Customize AO1 Antibody

Description

Anti-A1 Antibodies in Blood Group Systems

Anti-A1 antibodies are naturally occurring or immune-generated immunoglobulins targeting the A1 antigen of the ABO blood group system. These antibodies are clinically significant in transfusion medicine:

Parameter	Details
Prevalence	Found in 1–8% of A2 and A2B blood group individuals .
Thermal Reactivity	Reactivity observed at 4°C (cold agglutinin) and 37°C (clinically significant hemolysis) .
Clinical Impact	May cause hemolytic transfusion reactions or hemolytic disease of the newborn .

HLA-A1-Targeted Antibodies in Autoimmunity

HLA-A1, a human leukocyte antigen serotype, is associated with autoimmune diseases. While no therapeutic antibodies directly target HLA-A1, its linkage to conditions like type 1 diabetes and lymphoma suggests potential therapeutic avenues:

Pathogenic Role: HLA-A1 is part of the AH8.1 haplotype linked to accelerated HIV progression and autoimmune disorders .
Therapeutic Gaps: Current research focuses on modulating HLA-A1-associated immune responses via indirect mechanisms (e.g., checkpoint inhibitors) rather than direct antibody targeting .

AOC 1001: Antibody-Oligonucleotide Conjugate

AOC 1001 (MARINA trial) is an investigational therapy combining a transferrin receptor 1 (TfR1)-targeted antibody with a siRNA oligonucleotide for myotonic dystrophy type 1 (DM1):

Key Clinical Findings (Phase 1/2)

Parameter	4 mg/kg Cohort (n=13)	Placebo (n=10)
Myotonia Improvement	45% reduction in hand-opening time (p<0.05)	No significant change
Muscle Strength (QMT)	12% increase in composite score	2% decline
Adverse Events	77% related to treatment (mild/moderate)	20% related

Mechanism of Action

Antibody Component: Humanized IgG1 targeting TfR1 for muscle-specific delivery .
Oligonucleotide Payload: siRNA degrading mutant DMPK mRNA, reducing toxic RNA foci .

Anti-Annexin A1 (ANXA1) Antibodies in Oncology

MDX-124, a monoclonal antibody targeting annexin A1, demonstrates preclinical efficacy in disrupting cancer cell cycles:

Cell Line	G1 Phase Arrest (25 µM MDX-124)	S Phase Reduction
MDA-MB-231 (Breast)	68.7% (vs. 35.2% control)	8.5% (vs. 37.6%)
A549 (Lung)	58.1% (vs. 42.3% control)	14.2% (vs. 28.9%)
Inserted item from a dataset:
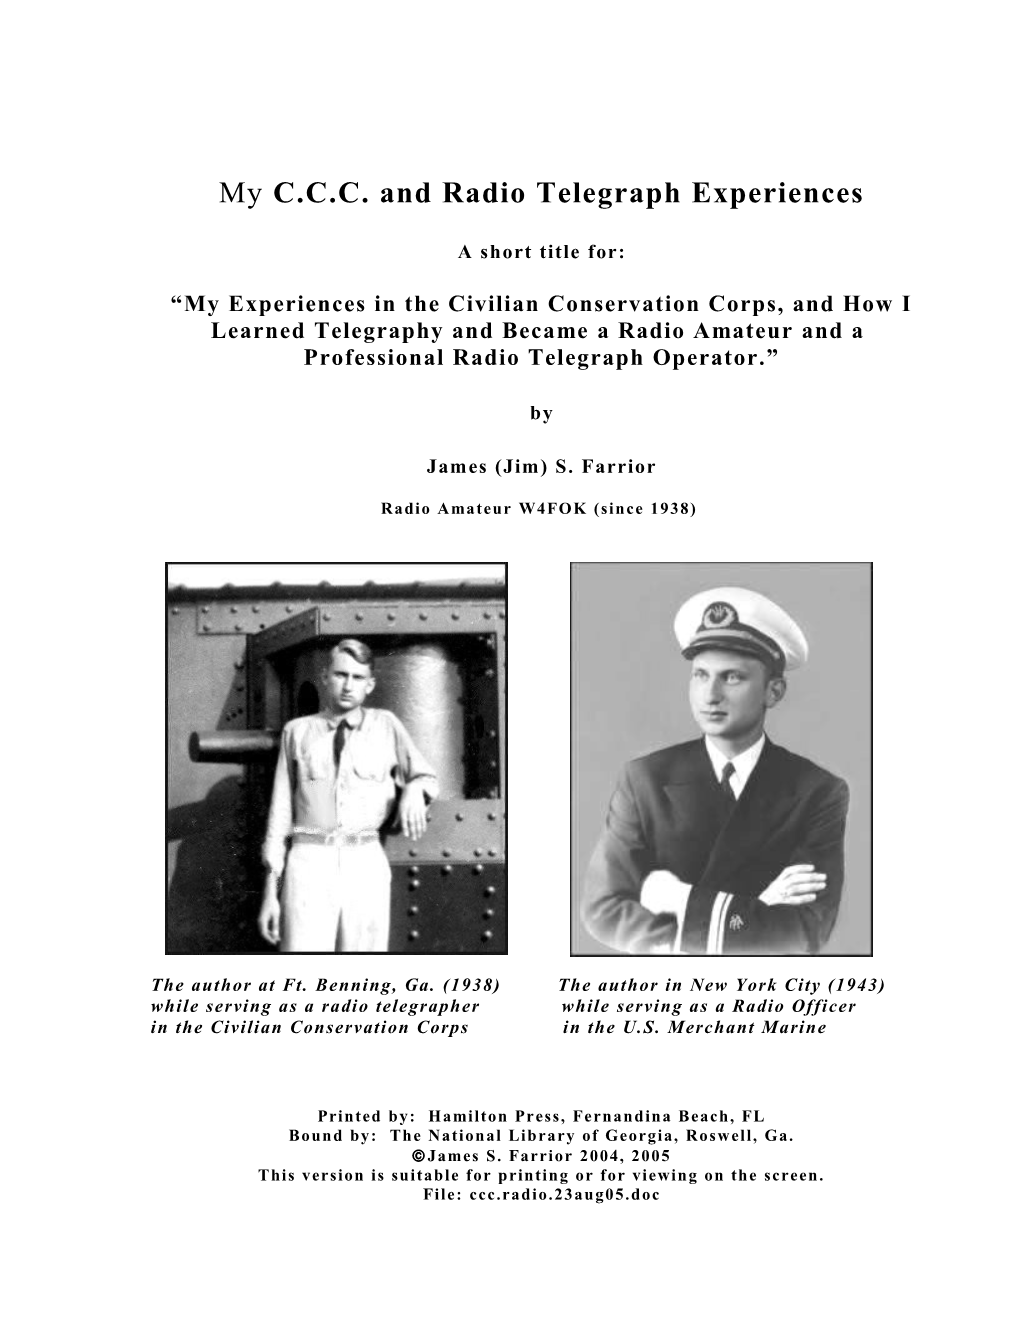 C.C.C. and Radio Telegraph Experiences

Anti-Apolipoprotein A1 (AAA1) Autoantibodies in Long COVID

AAA1 IgG levels correlate with persistent respiratory symptoms post-COVID-19:

Time Post-Infection	AAA1 Seropositivity	Symptom Association (OR)
1 month	93%	N/A
12 months	15%	OR 4.94 for respiratory symptoms

Antibody Characterization and Validation Challenges

YCharOS studies highlight critical gaps in antibody specificity:

Failure Rate: ~50% of commercial antibodies fail target recognition in standard assays .
Best Practices: Knockout cell lines and recombinant antibodies improve validation accuracy .

Product Specs

Buffer

Preservative: 0.03% Proclin 300
Constituents: 50% Glycerol, 0.01M PBS, pH 7.4

Form

Liquid

Lead Time

Made-to-order (14-16 weeks)

Synonyms

AO1 antibody; At4g14940 antibody; dl3510w antibody; FCAALL.145Primary amine oxidase 1 antibody; AtAO1 antibody; EC 1.4.3.21 antibody

Target Names

AO1

Uniprot No.

O23349

Target Background

Function

AO1 antibody is an enzyme that preferentially oxidizes the aliphatic diamine putrescine, producing the corresponding aldehyde, ammonia, and hydrogen peroxide. This enzyme is potentially involved in regulating developmental programmed cell death (PCD) in both vascular tissue and the root cap. It is also required for jasmonic acid-(MeJA) mediated early protoxylem differentiation, which is associated with a reduction in putrescine levels and an accumulation of H(2)O(2) in roots.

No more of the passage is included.